McAdoo could put Shepard in the slot and ask him to primarily play from that spot. If everything goes as planned, he will play outside more than inside.

Victor Cruz didn’t play a single snap in 2015 as he recovered from a serious knee injury. Nobody knows if Cruz is going to play in 2016 or, more importantly, how well he can play. If Cruz is fully healthy and back to what he was before his injury, then he will primarily play in the slot. That will create a three-receiver set of Beckham, Cruz and Shepard. All three receivers could play inside but Cruz staying inside would be the ideal scenario to get the most out of each player’s skill set.

The beauty of that trio playing together in this scheme is that they will stretch the defense both horizontally and vertically. None of the three players are particularly big, but each has shown off an ability to win at the catch point.

Sideline double move and work back to ball

Shepard is a very technical receiver. He isn’t just physically gifted, he understands how to set up defensive backs and make the most of his physical ability by running precise routes. His timing on this play is perfect as he forces the cornerback to turn the wrong way as he releases down the sideline. The play is always set up for a backshoulder throw but the pass isn’t a good one. Shepard is forced to adjust to the ball in order to bring it in.

He doesn’t catch the ball away from his body by reaching his hands out to pull the ball in. This wasn’t a time for a spectacular looking catch. This was a situation where bodycatching was the right approach because you needed to protect the ball and prevent the defensive back from playing your outstretched arms.
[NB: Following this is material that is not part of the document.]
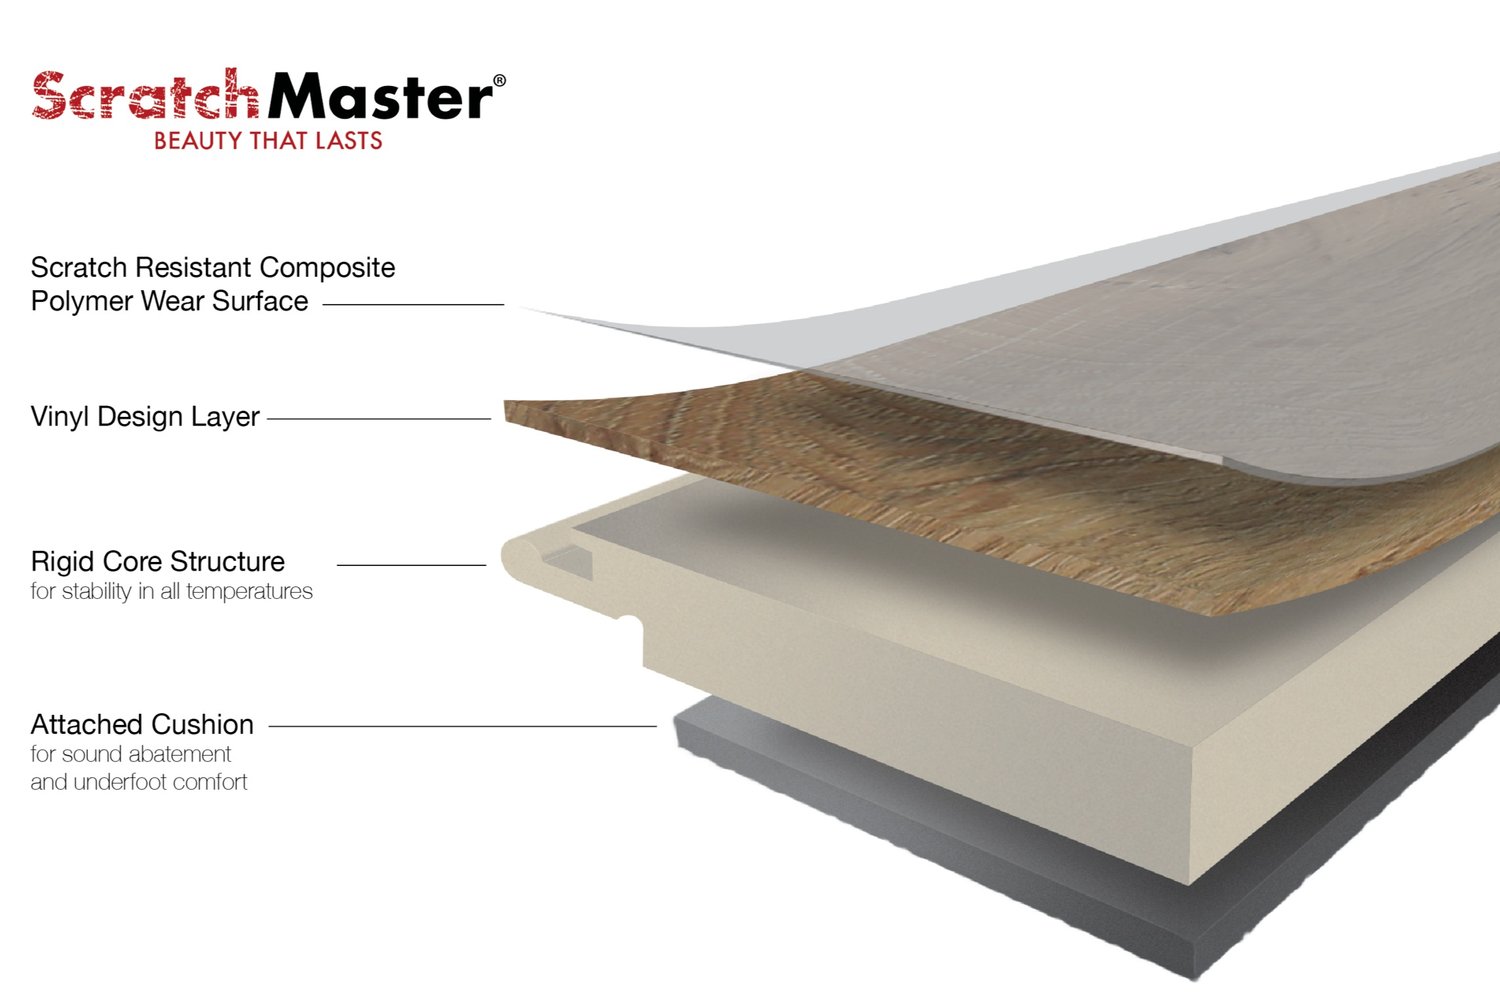 ScratchMaster layer construction. Layer 1: Scratch Resistant Composite Polymer Wear Surface. Layer 2: Vinyl Design Layer. Layer 3: Rigid Core Structure. Layer 4: Attached Cushion

Shepard’s timing and willingness to work back inside of the defensive back allows him to complete this catch.

Shepard will be replacing Rueben Randle, another former second-round pick of Jerry Reese’s. Randle and Shepard are total opposites. Shepard is a small receiver who plays big whereas Randle was/is a big receiver who plays small.

Ball Tracking

One of the main issues that Randle had was tracking the ball through the air. He wouldn’t establish himself in good positions to pull the ball in so he would be forced to contort his body uncomfortably or try to make a hands catch that he simply didn’t have the talent to make with any kind of consistency. While Shepard won’t tower over any cornerback in the NFL, he will make the most out of his size by expertly tracking the ball and manipulating the defensive back covering him in tight situations.

That’s not to say that Shepard doesn’t have issues at the catch point. He had more than a few ugly drops last year. He shouldn’t be close to as inconsistent at the catch point as the receivers he’s replacing in New York. More importantly, Shepard will offer greater explosiveness and diversity to offset any inconsistency he does carry into the NFL.

None of the Giants’ top receivers are amongst the most consistent pass catchers in the league, but each of Shepard, Beckham and Cruz offer enough in the rest of their skill sets to minimize the impact of those inconsistencies.

The Giants still have major question marks on their offensive line. They won’t be able to give Manning great pass protection. Manning has shown throughout his career that he can work in muddied pockets. He’s shown that he can mitigate pressure with his movement and deliver the ball against impending hits. You need to be set up schematically to do that effectively though. Manning has been since McAdoo took over and now he has the receivers to capitalize on the quality service he provides.